A claimed exemption must be read in its entirety. This includes not only the description of the property in which the exemption was claimed but also the value the debtor placed upon the claimed exemption. The description of the property serves only to identify the asset in which an exemption has been claimed. The extent of that exemption is determined by the value claimed exempt which the debtor placed in its schedule of exemptions. Thus, the Ninth Circuit did not allow the debtor in Hyman to exempt the entire value of its residence, by describing the exempt property as "homestead" when the value placed upon that exemption was only $45,000.00. Hyman, 967 F.2d at 1319. Similarly, the debtors in Addison were not allowed to enlarge their claimed exemption, beyond the dollar value placed upon it in their schedule of exemptions, based upon the way they had described and valued the asset in their schedules. Addison, 158 B.R. at 59-60.

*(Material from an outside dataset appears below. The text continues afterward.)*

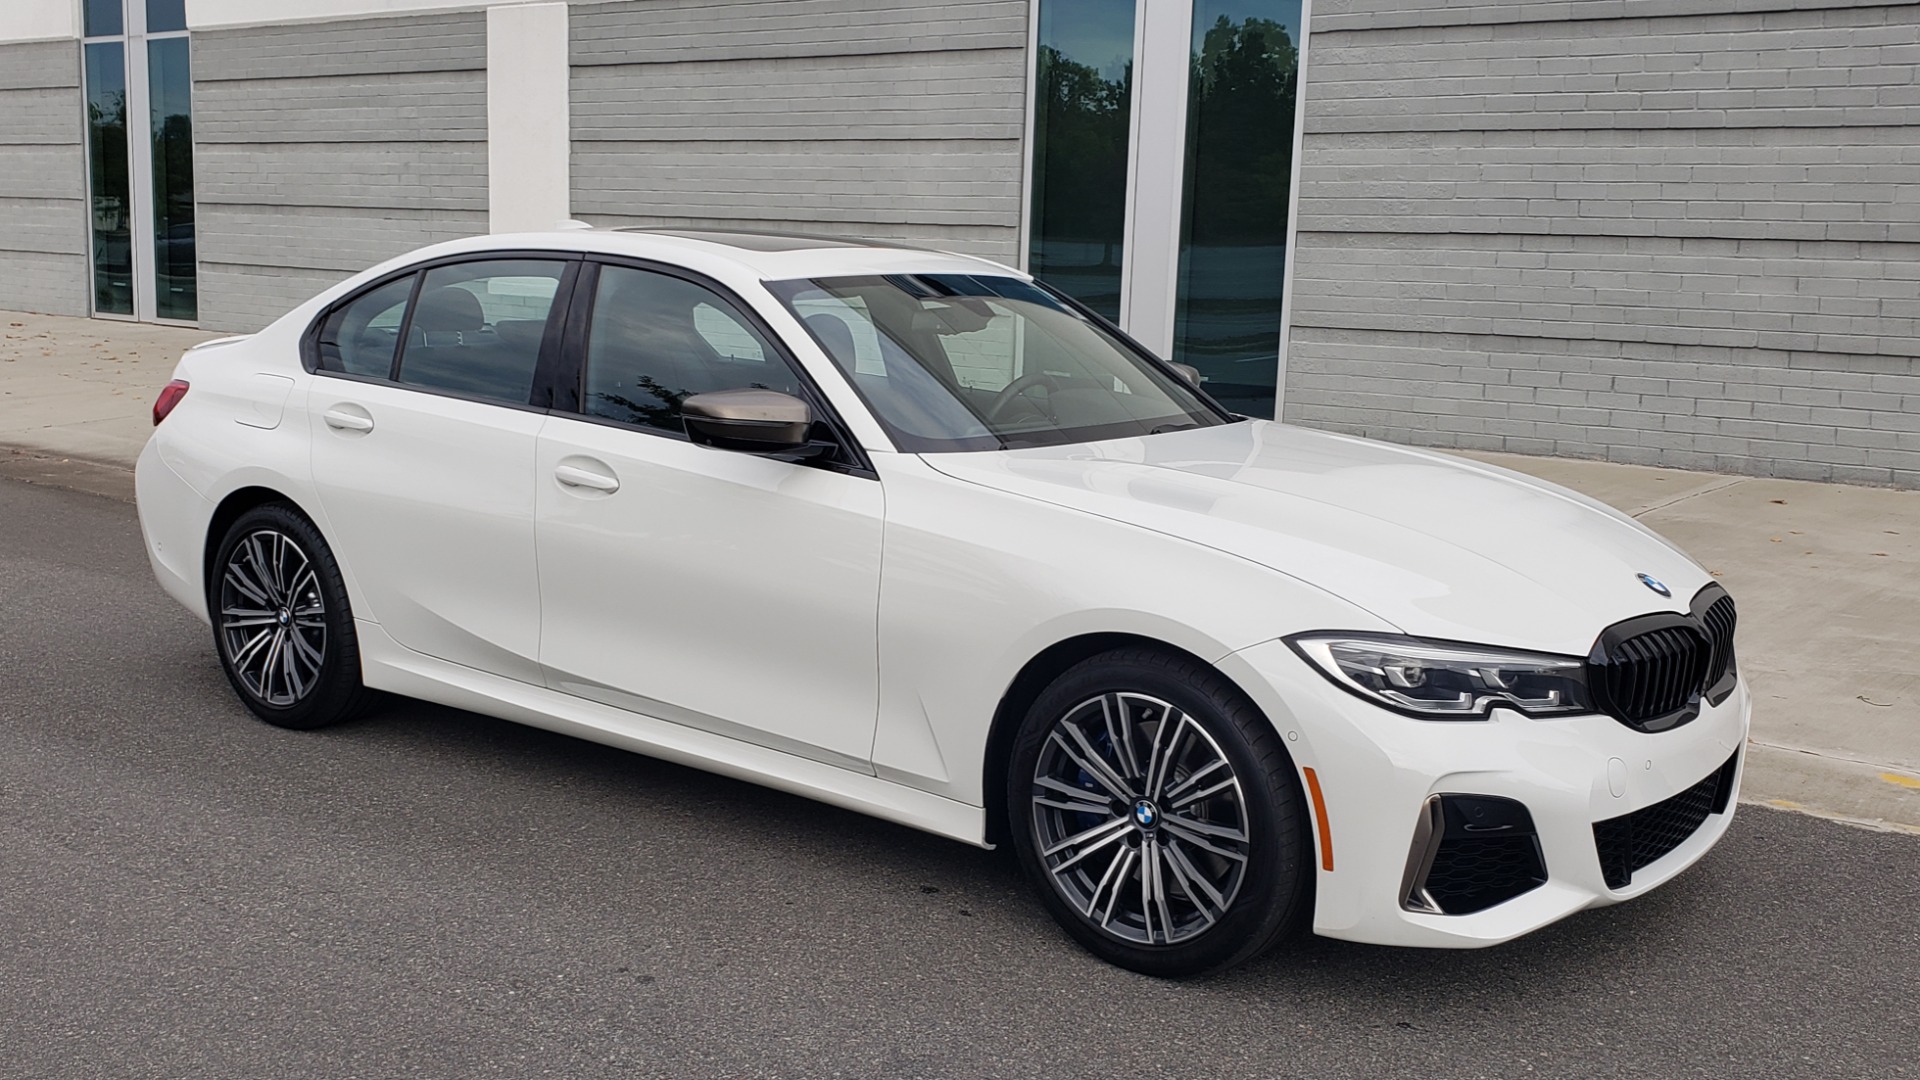 Used 2020 BMW 3 SERIES M340I SEDAN / 3.0L / 8-SPD AUTO / NAV / SUNROOF / REARVIEW for sale Sold at Formula Imports in Charlotte NC 28227 7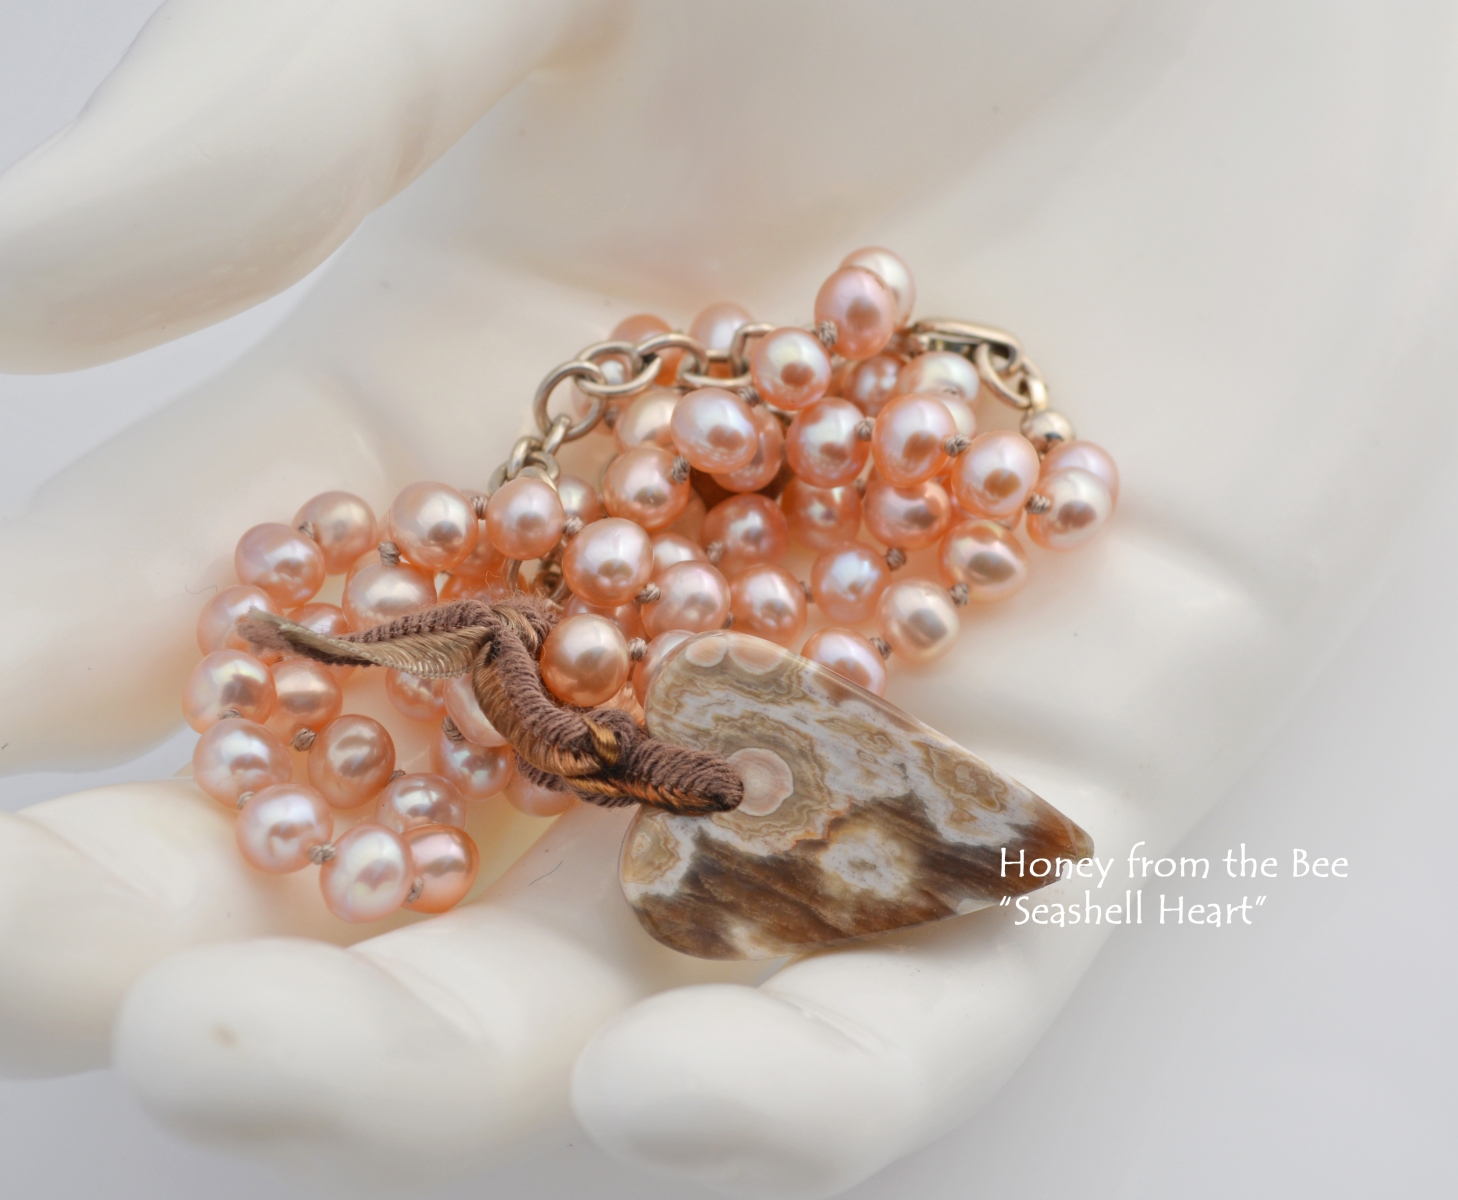 Ocean Jasper heart necklace with pearls by Honey from the Bee

The court concludes that the amount of a claimed exemption is controlled by the value the debtor ascribes to it in the schedule of exemptions, which in this instance was $5,950.00. That value is not enlarged because of the way in which the debtor happens to describe the property in which the exemption has been claimed.
For all of the foregoing reasons, debtors are entitled to an exemption in the proceeds of the 1989 crops in the amount $5,950.00. An appropriate order will be entered.